Reacting out of my own selfish desires year after year as my life progressed from childhood to adolescence and into manhood created a great deal of emotional pain. Using alcohol and drugs worked really well at masking that pain. Thus using alcohol and drugs became my solution, not my problem! Drugs and alcohol allowed me to connect. I do not know how but in hindsight that was what happened. I was usually in emotional pain (consciously or unconsciously) and I would use alcohol and drugs to feel better.

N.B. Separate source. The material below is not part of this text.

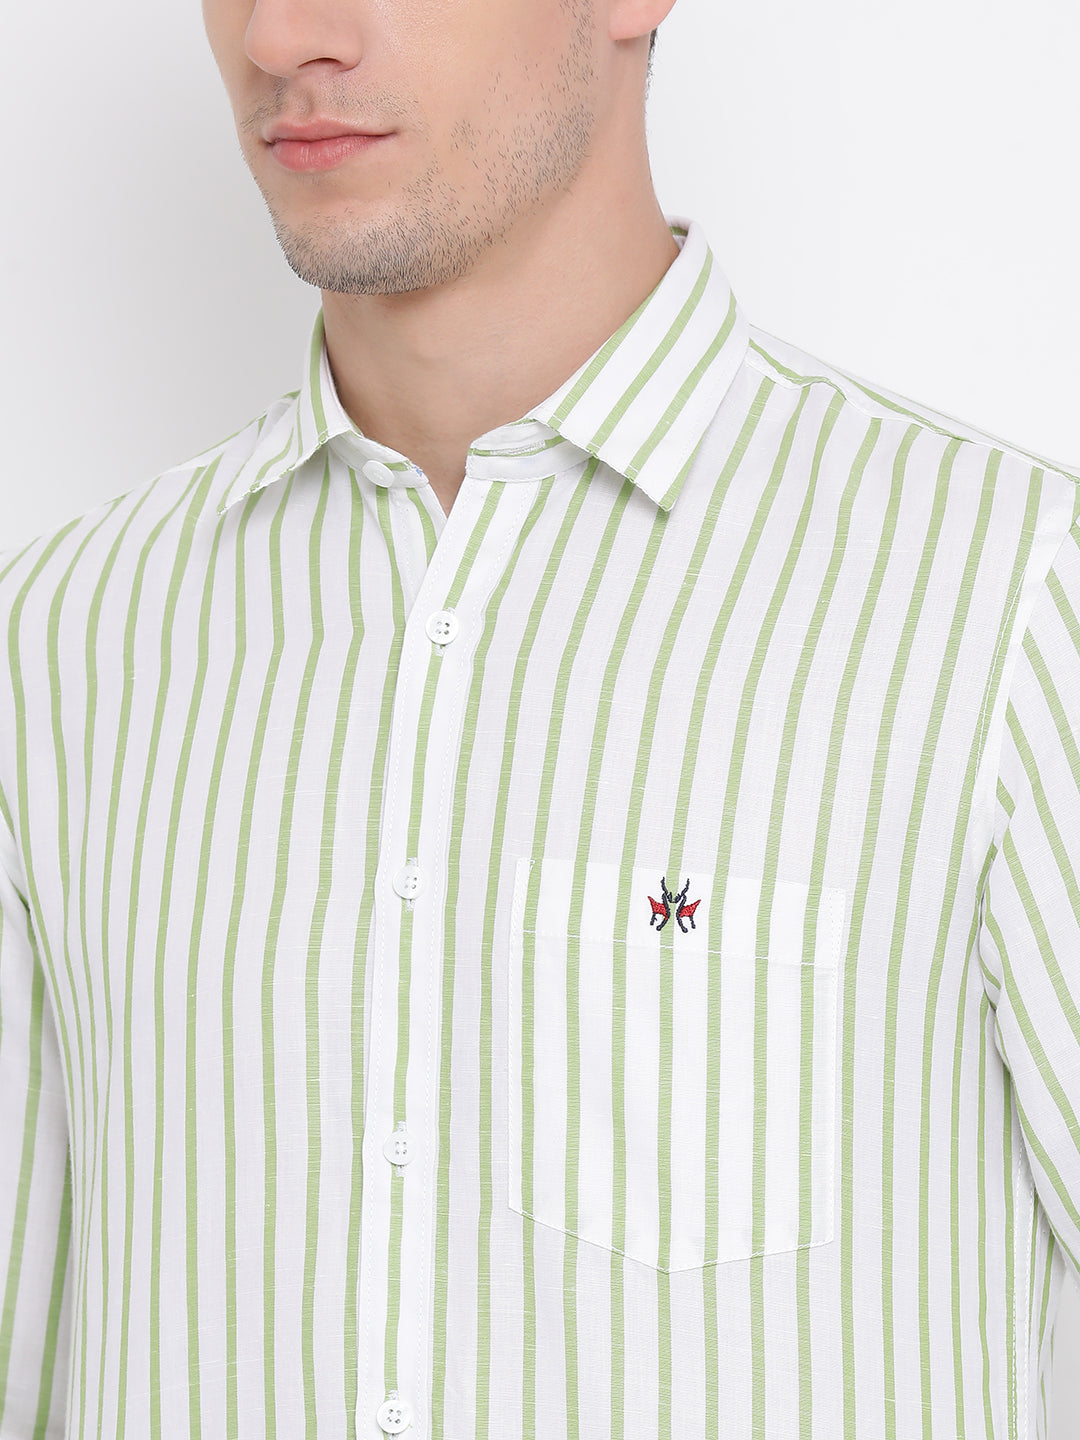 Green Striped Button up Shirt - Men Shirts

When I stopped using alcohol and drugs, my solution was taken away from me and fortunately I replaced it with a connection to power. One of the most amazing things about this simple concept is, it really does not matter if you believe it or not. For example, I have watched countless people take this action and have it work for them. Many, if not all of them, had no idea they were even doing it, as they were in so much emotion pain that they were willing to do whatever they were asked to do. These individuals were not trying to collect points for being a good person, they were not trying to please anyone, they just were sick and tired of living a life of pain.
So, in a way I do agree with Johann that the solution for addiction is connectedness but I would say that we as drug addicts and alcoholics must learn that connection with our actions can create our experiences. It is only our actions that can enable us to connect to people and when we connect with the people in our lives we are not only doing the next right thing—we are making the world a better place…and that is true Power!